Studio album by the Lemonheads
- Released: June 1987 (original LP) 1992 (extended CD reissue, with several bonus tracks)
- Genres: Melodic hardcore, punk rock
- Labels: Taang! Records World Service Records (original release) Dojo Records (first 1995 reissue) Essential Records (second 1995 reissue) Fire Records (2013 reissue) Au Go Go Records Funhouse Records
- Producer: Tom Hamilton

The Lemonheads chronology
|  | Hate Your Friends (1987) | Creator (1988) |

= Hate Your Friends =

Hate Your Friends is the debut album by the American alternative rock band the Lemonheads. Produced and released on Boston-based indie label Taang Records and licensed for simultaneous release to several other labels worldwide, the album showcases the band's early sound and punk roots. Hate Your Friends is also one of only three albums to feature the Lemonheads' original lineup with Evan Dando, Ben Deily and Jesse Peretz.

Professional ratings
Review scores
| Source | Rating |
| AllMusic | Star Half star |
| Spin Alternative Record Guide | 6/10 |

==Recording and release==

The album's track listing has varied from format-to-format and is culled from a few different recording sessions. The seven songs on side one of the 1987 LP show the band as a four-piece outfit, with Doug Trachten playing drums freeing up Dando and Deily to both man their guitars and switch off on lead vocals while Peretz played bass. The six songs on side two were recorded before Trachten joined the band back when Dando and Deily traded duties on guitar and drums.

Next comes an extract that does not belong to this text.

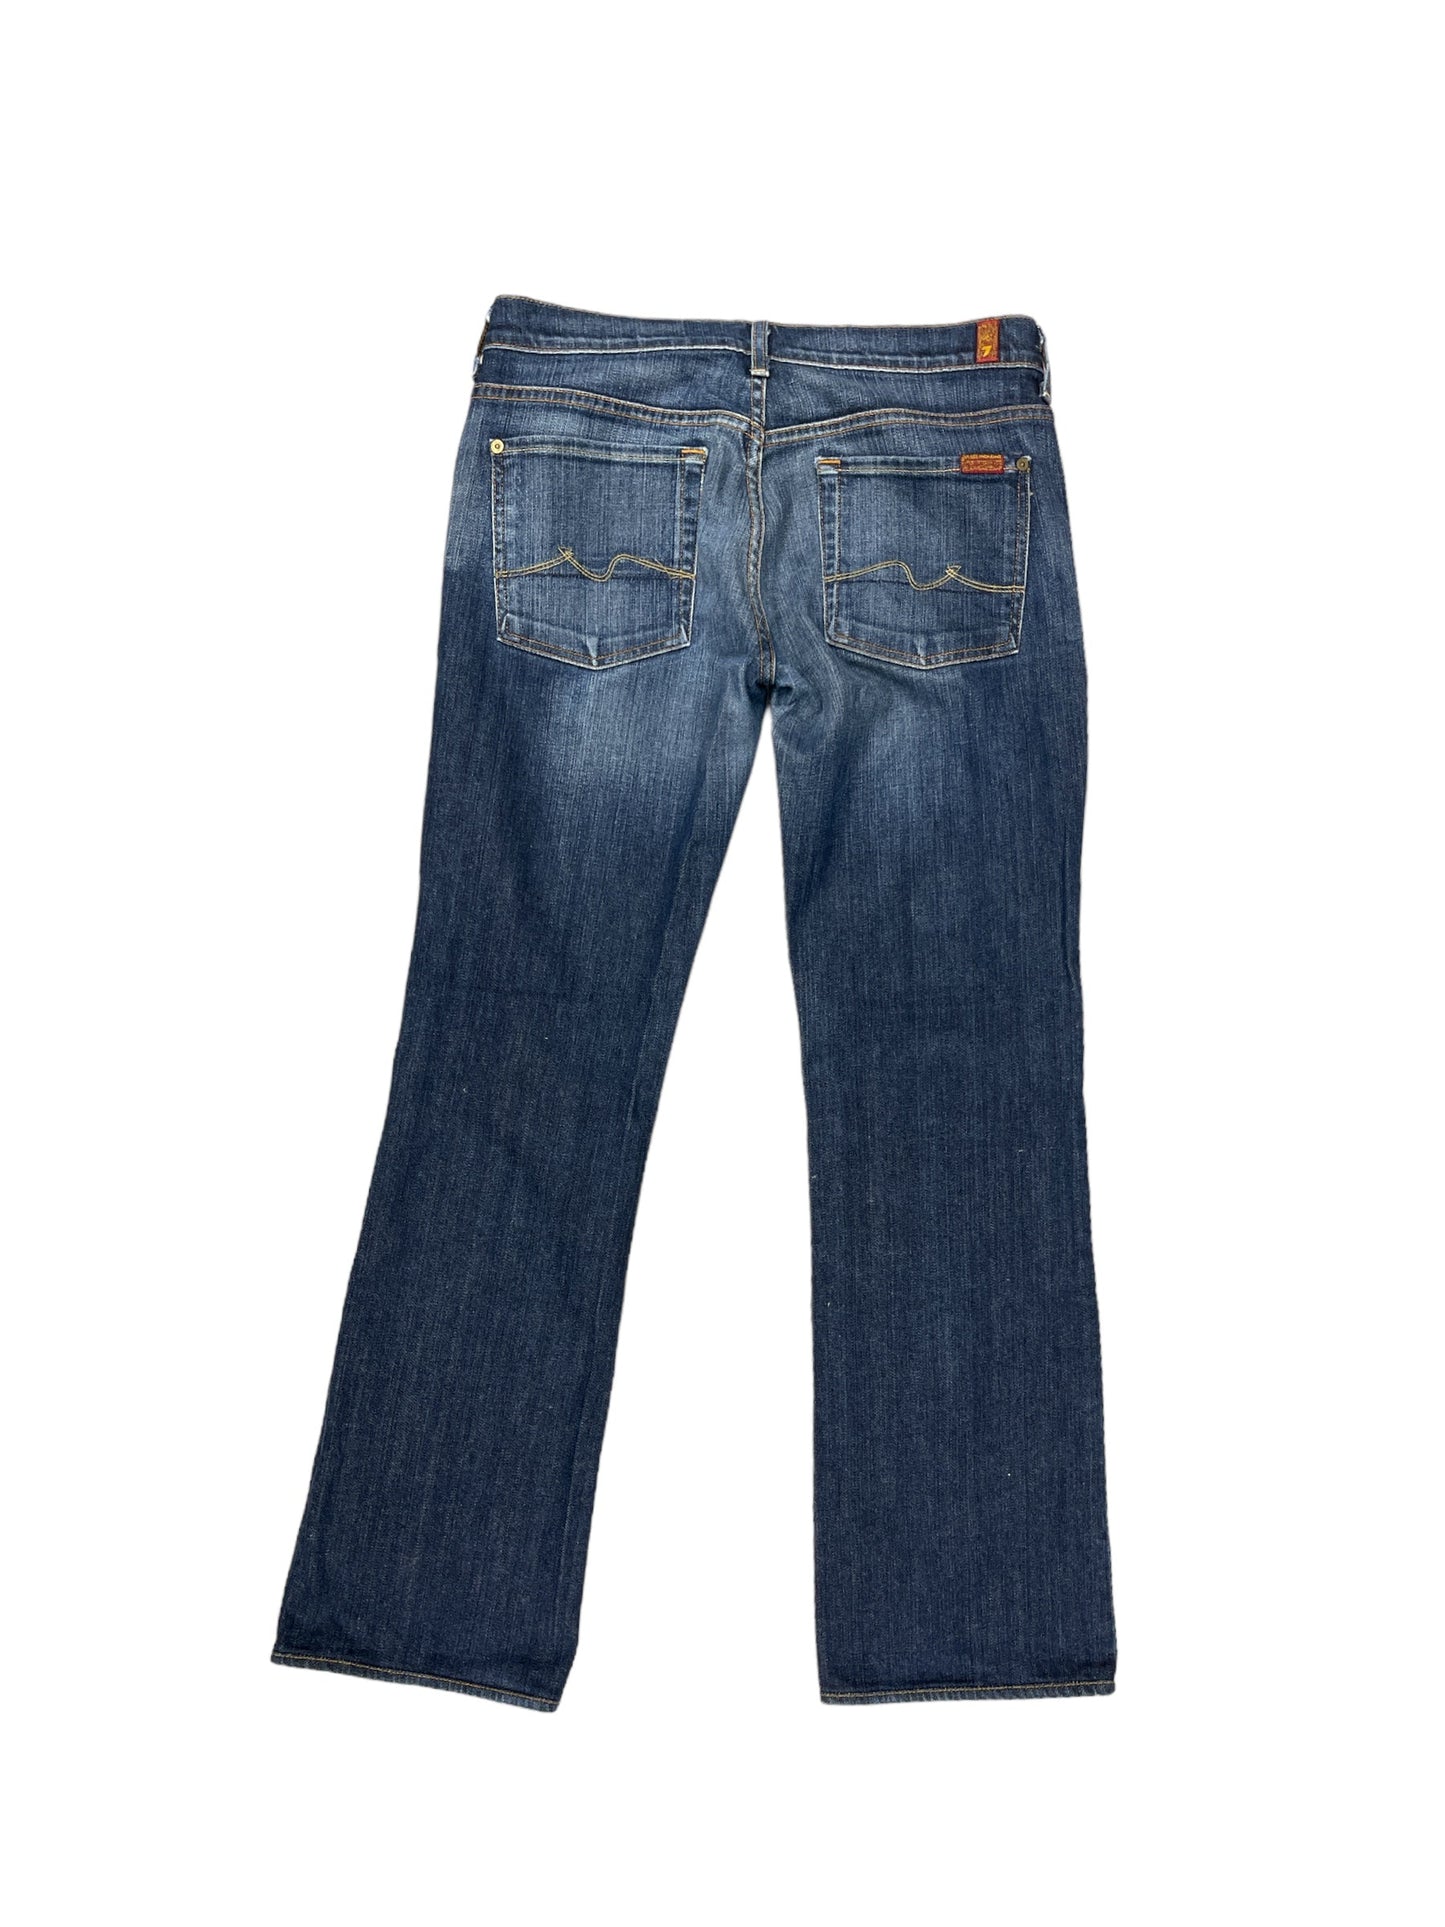 Jeans Boot Cut By 7 For All Mankind  Size: 31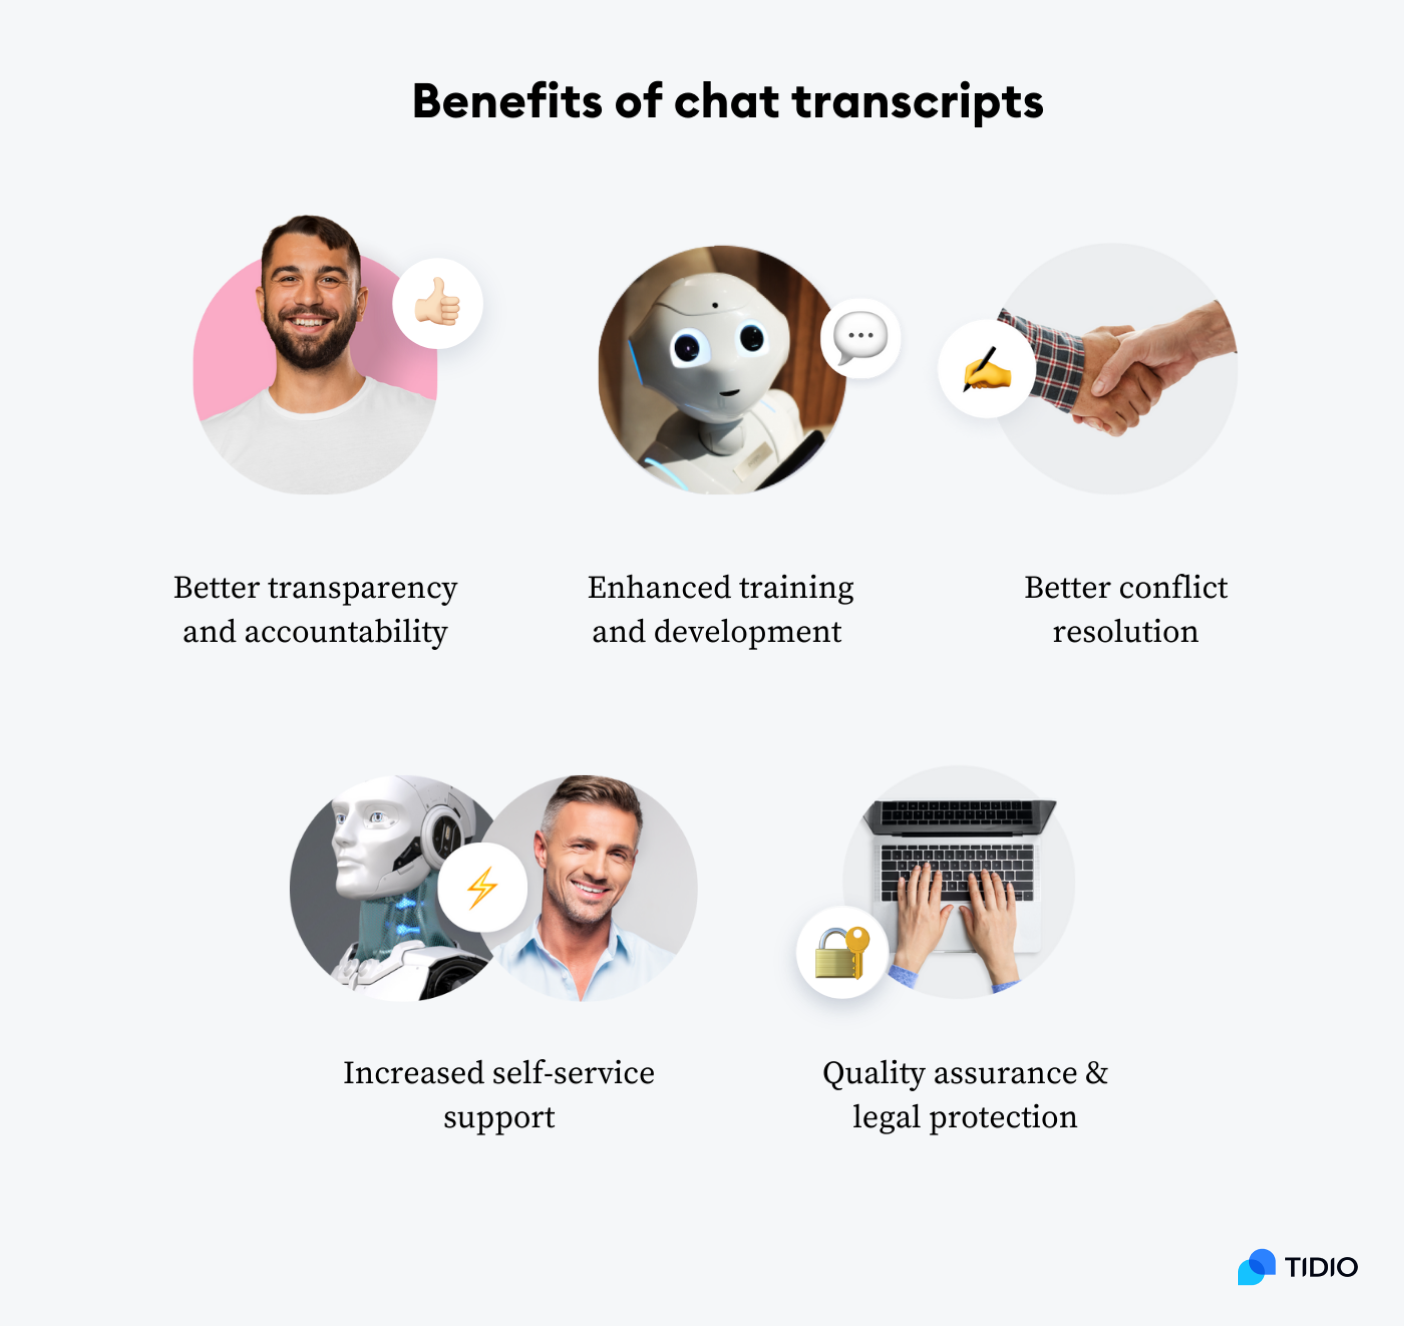 benefits of chat transcripts on image

The cassette version contained seven bonus tracks: the three tacked onto the start of side one were taken from the band's previous EP, Laughing All the Way to the Cleaners and the four added to the end of side two were previously unreleased and were also pre-Trachten.

With the 1988 release of the Lemonheads' second album, Creator, Taang launched the group's debut CD as Create Your Friends containing the 13 tracks from the LP version of Hate Your Friends and the 13 tracks from the original Creator LP.. When Taang reissued both albums in 1992 as individual discs, the CD version of Hate Your Friends followed the 20-track sequence of the cassette.

==Cover songs==

On the album's vinyl version of the album, Ben Deily sings the American hymn "Amazing Grace", which goes uncredited on the album as "traditional," although it is widely known to have been written by John Newton. The cassette/CD bonus track "I Am a Rabbit" is originally by early New Zealand punk band Proud Scum.

== Track listing==
Songs written by band member indicated.

===Vinyl LP===
- Side one
1. "Don't Wanna" (Dando)
2. "3-9-4" (Deily)
3. "Nothing True" (Dando)
4. "Second Chance" (Deily)
5. "Sneakyville" (Dando)
6. "Amazing Grace" (Traditional; arranged by Dando, Deily and Peretz)
7. "Belt" (Dando)
- Side two
8. "Hate Your Friends" (Dando)
9. "Don't Tell Yourself" (Dando)
10. "Uhhh" (Deily)
11. "Fed Up" (Dando)
12. "Rat Velvet" (Dando, Peretz, Deily)
13. "So I Fucked Up..." (Deily)

These 13 tracks appeared in this order as the first half of the band's Create Your Friends CD in 1988.

===Cassette===
- Side A
1. "Glad I Don't Know" (Dando)
2. "I Like to" (Dando)
3. "Rabbit" (Proud Scum cover)
4. "Don't Wanna" (Dando)
5. "3-9-4" (Deily)
6. "Nothing True" (Dando)
7. "Second Chance" (Deily)
8. "Sneakyville" (Dando)
9. "Amazing Grace" (Traditional; arranged by Dando, Deily and Peretz)
10. "Belt" (Dando)
- Side B
11. "Hate Your Friends" (Dando)
12. "Don't Tell Yourself" (Dando)
13. "Uhhh" (Deily)
14. "Fed Up" (Dando)
15. "Rat Velvet" (Dando, Peretz, Deily)
16. "So I Fucked Up..." (Deily)
17. "Ever" (Deily)
18. "Sad Girl" (Dando)
19. "Buried Alive" (Deily)
20. "Gotta Stop" (Dando)

Tracks A1–3 and B6 taken from Laughing All The Way To The Cleaners 1986 EP. B8 appeared on the compilation LP Crawling From Within.

These 20 tracks appeared in this order as the 1992 CD version of the album.

==Personnel==
- The Lemonheads
- Evan Dando – guitar, vocals, drums on tracks 13 and 16
- Ben Deily – guitar, vocals, drums on tracks 1–3, 11, 12, 14, 15, and 17–20
- Jesse Peretz – bass
- Doug Trachten – drums on tracks 4–10
note: generally, Dando and Deily would sing lead vocals on the songs they wrote. In addition, Dando sings lead on the Proud Scum cover "Rabbit" and Deily sings lead on "Amazing Grace."